(Beginning of Dataset extract)

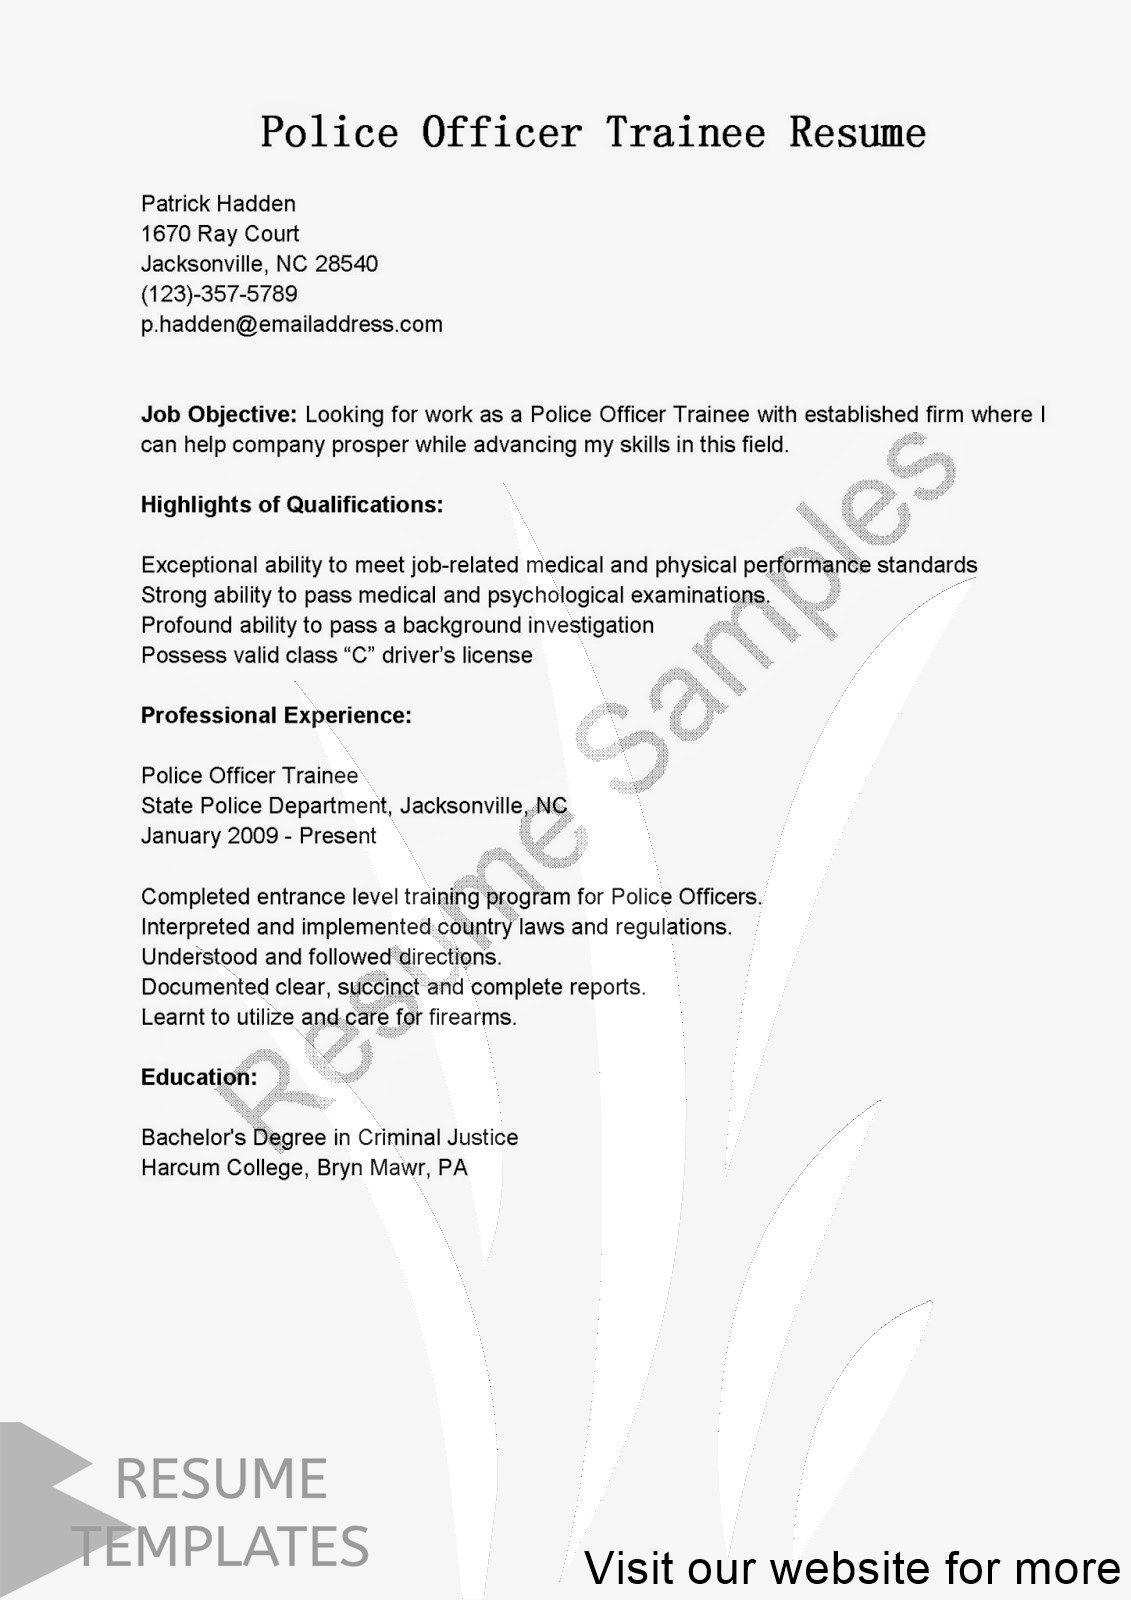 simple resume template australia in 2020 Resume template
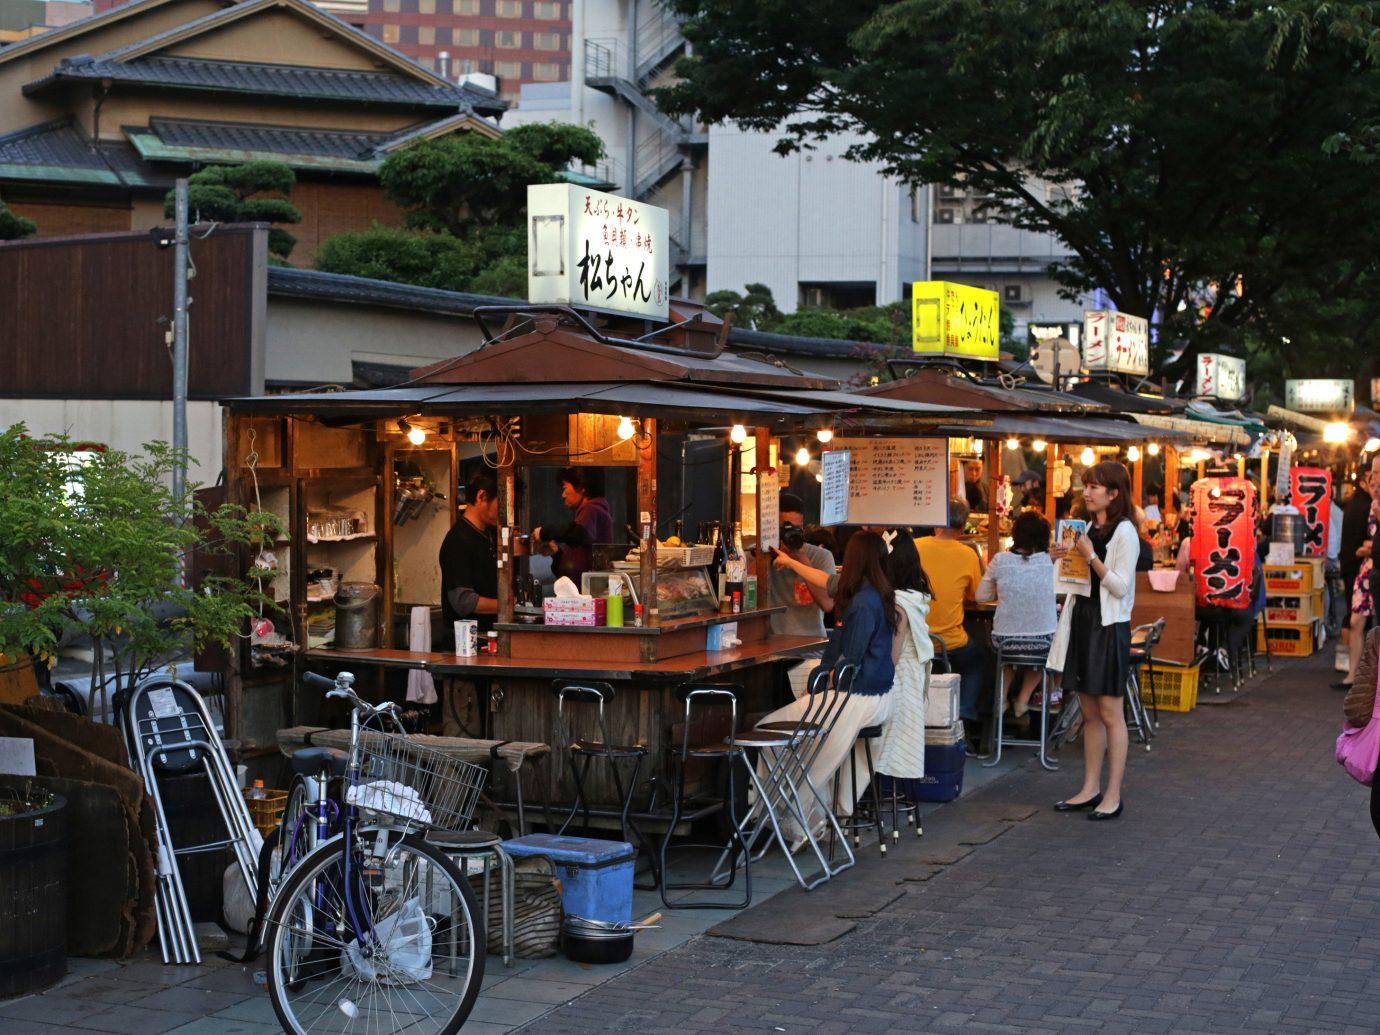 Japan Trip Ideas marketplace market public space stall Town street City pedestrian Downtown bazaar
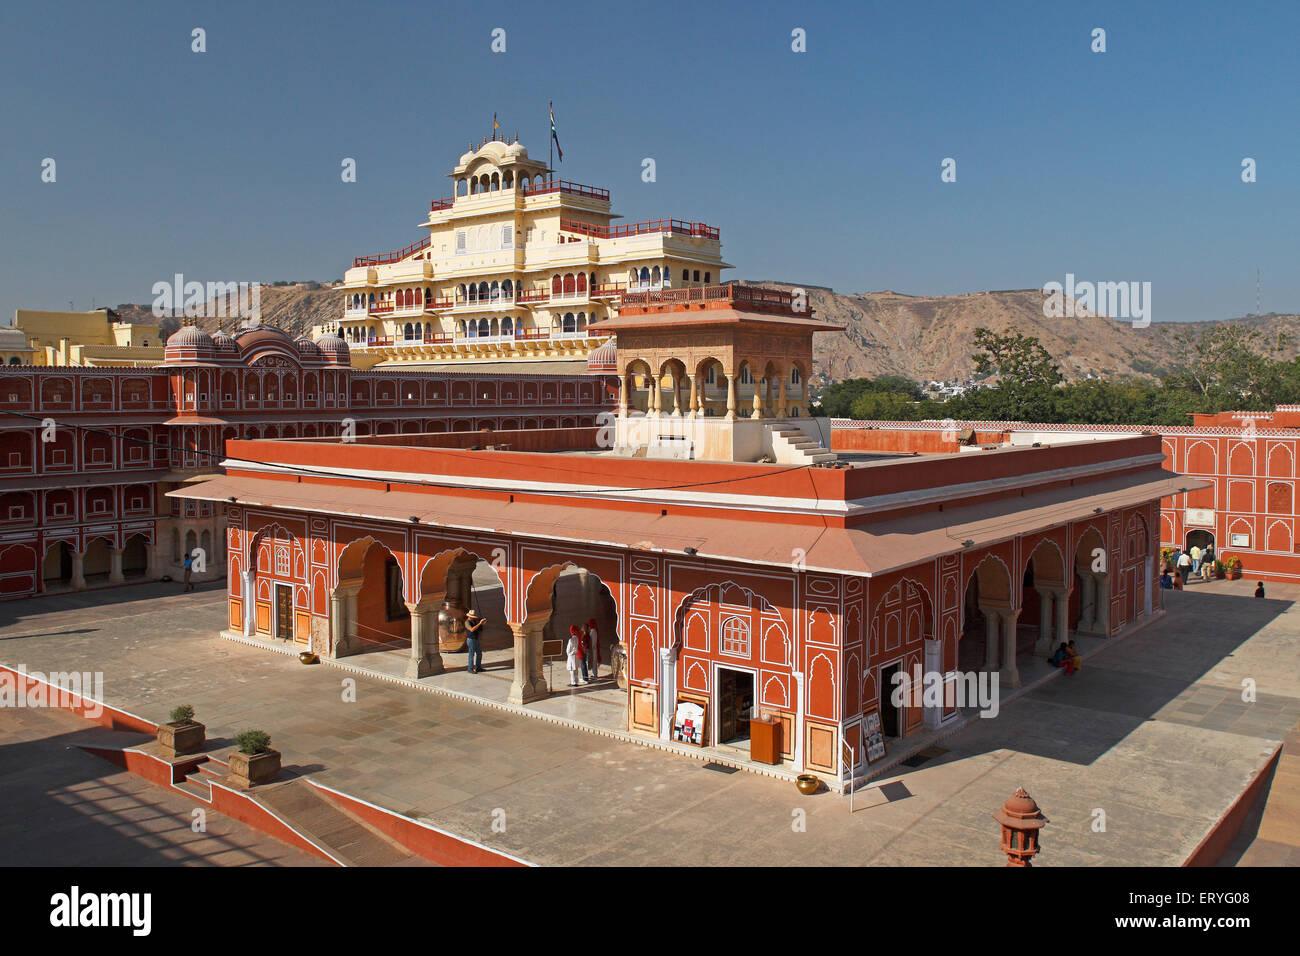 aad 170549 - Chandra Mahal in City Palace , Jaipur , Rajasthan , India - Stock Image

(End of Dataset extract)

**What the task requires**
The required output is each line above restated verbatim, with all images omitted.

**Finished exercise**
 simple resume template australia in 2020 Resume template
 Japan Trip Ideas marketplace market public space stall Town street City pedestrian Downtown bazaar
 aad 170549 - Chandra Mahal in City Palace , Jaipur , Rajasthan , India - Stock Image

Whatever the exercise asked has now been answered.